Toutefois, la réalité actuelle est que les réfugiés sont surtout soutenus dans les quartiers aisés. Dans les quartiers défavorisés, il y a nettement moins de personnes venant en aide aux réfugiés et moins de contacts entre les réfugiés et les voisins. Mais pour la paix sociale, de tels contacts sont importants.

À cela vient s’ajouter une chose : même parmi les réfugiés, il y a différentes classes sociales. Les réfugiés favoris sont les Syriens cultivés et les gens venant de pays où sévissent la terreur ou les guerres. Ceux que l’on appelle les réfugiés économiques sont peu appréciés. On compte parmi eux surtout des gens venus d’Europe de l’Est et des Balkans. Tout en bas de la cote de popularité, on trouve les Roms. Qu’ils vivent dans leur pays natal avec leurs enfants dans des bidonvilles, sans travail, sans protection sociale et sans chances de recevoir une instruction, ç´est peu vu par le grand monde.

Comment vis-tu la pauvreté des personnes que tu rencontres ?

De nombreux réfugiés sont ´soudainement´pauvres. Certains avaient une vie aisée dans leur pays natal, mais la plupart ont beaucoup souffert et beaucoup perdu à travers leur fuite, et doivent ici tout recommencer à zéro, pauvres en droits et en partie affectés par des expériences traumatiques. Certains sont si perturbés qu’ils peuvent à peine se concentrer et se motiver, comme par exemple pour l’apprentissage. C’est particulièrement grave quand des parents proches ou des amis sont encore en danger dans leur pays natal ou dans un pays de transit.

Une femme afghane a fui un mari violent avec ses quatre enfants jusqu’à Hambourg. Son fils de 15 ans est resté en Italie. Elle ne peut actuellement que communiquer avec lui par téléphone. Il lui dit : « Maman, aide moi, j’ai faim, je gèle. » La mère est ici, quasiment aveugle, avec trois enfants, et devient quasiment folle à force de se faire du souci pour son grand fils et pour l’avenir. Son fils de 10 ans tente d’être fort et adulte. Il manque souvent l’école pour accompagner sa mère chez le médecin ou auprès des services administratifs. Est-ce là de la pauvreté ? Pour moi, c’est déjà de la misère.

Et pour terminer : qu’est-ce que les pensées d’ATD et de Joseph Wresinski pourraient signifier aujourd’hui pour des jeunes en Allemagne?

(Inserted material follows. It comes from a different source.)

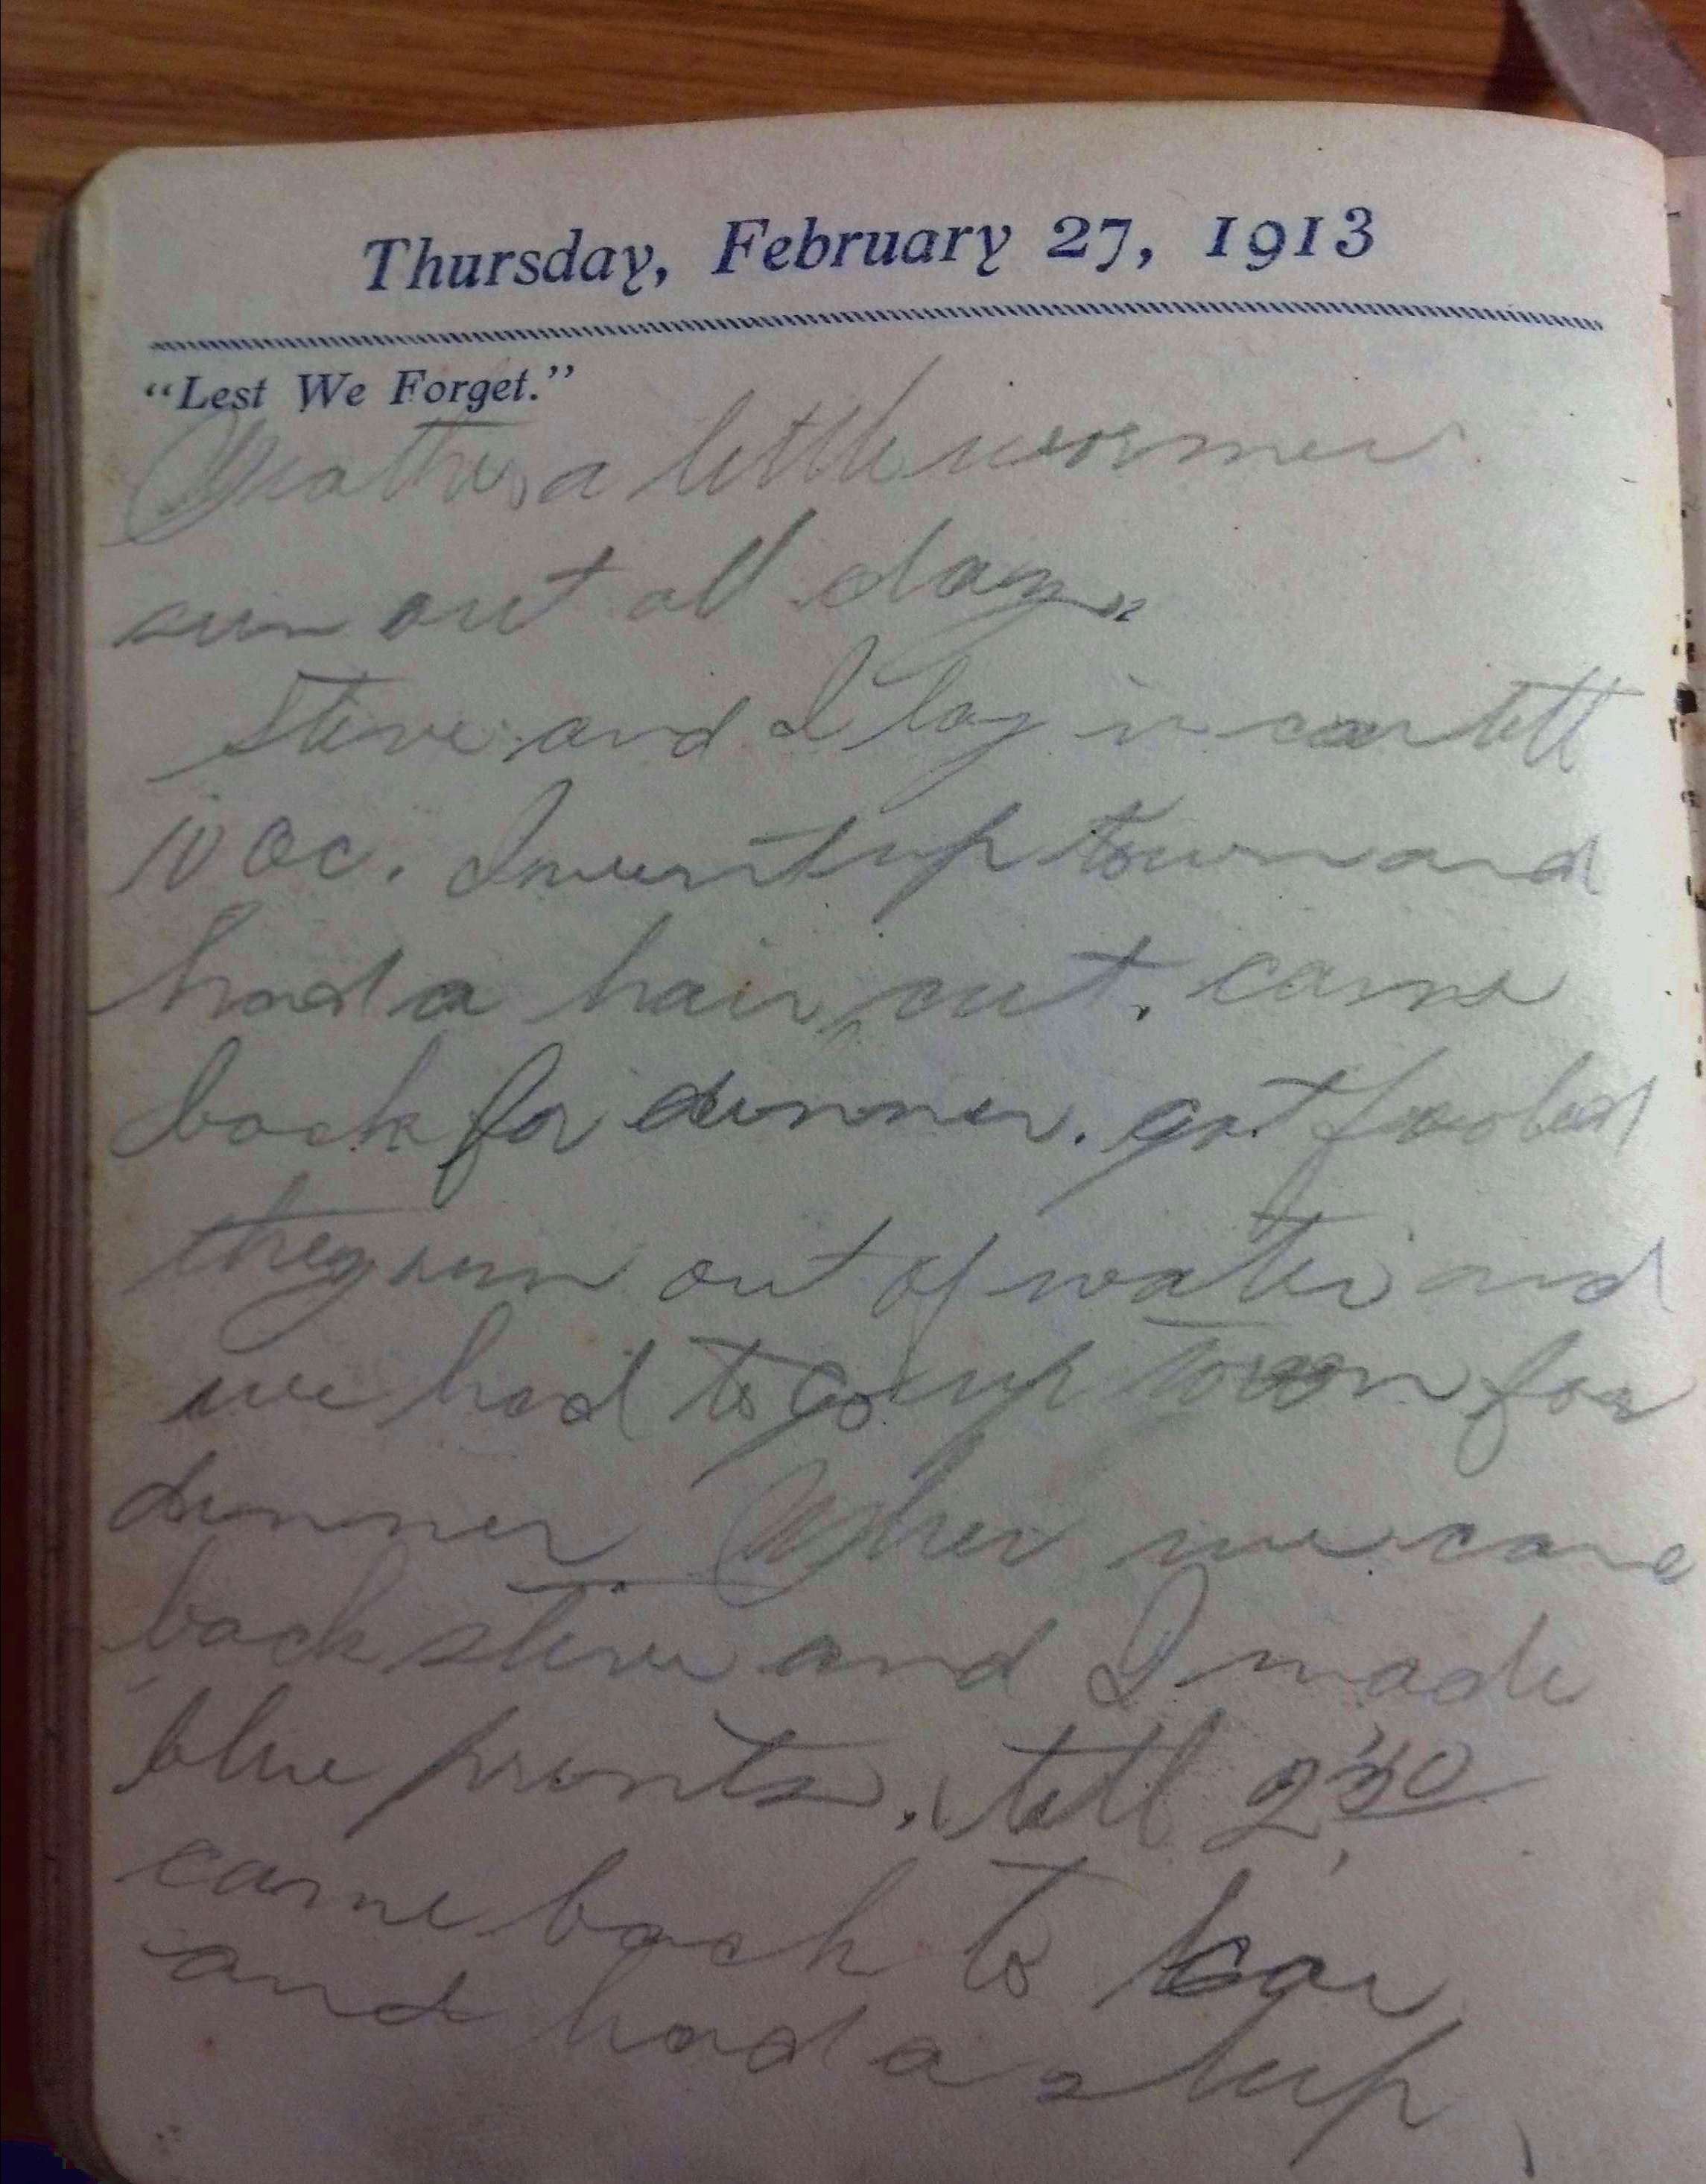 "Lest We Forget" Thursday, February 27, 1913

Voici ce qui me vient à l’esprit : les réflexions de Joseph Wresinski sont encore aujourd’hui en partie révolutionnaires. Lorsqu’un jour j’ai montré une vidéo sur le centre familial d’ATD en Angleterre pendant un séminaire sur la pauvreté, les étudiants ont été choqués, surpris et inspirés : ils y ont vu des aidants qui prenaient dans leurs bras les nouveaux arrivants ! Apparemment, ça marche aussi ! Ce passage dans le film a ouvert les yeux aux étudiants. Un accueil aimant – et surtout de la part d’adultes – n’est pas compatible avec un professionnalisme pédagogique dans l’Allemagne d’aujourd’hui. Pour ces futurs pédagogues, Joseph Wresinski et ATD ont certainement encore de bonnes questions et de passionnantes réponses à apporter concernant les rapports avec les êtres humains.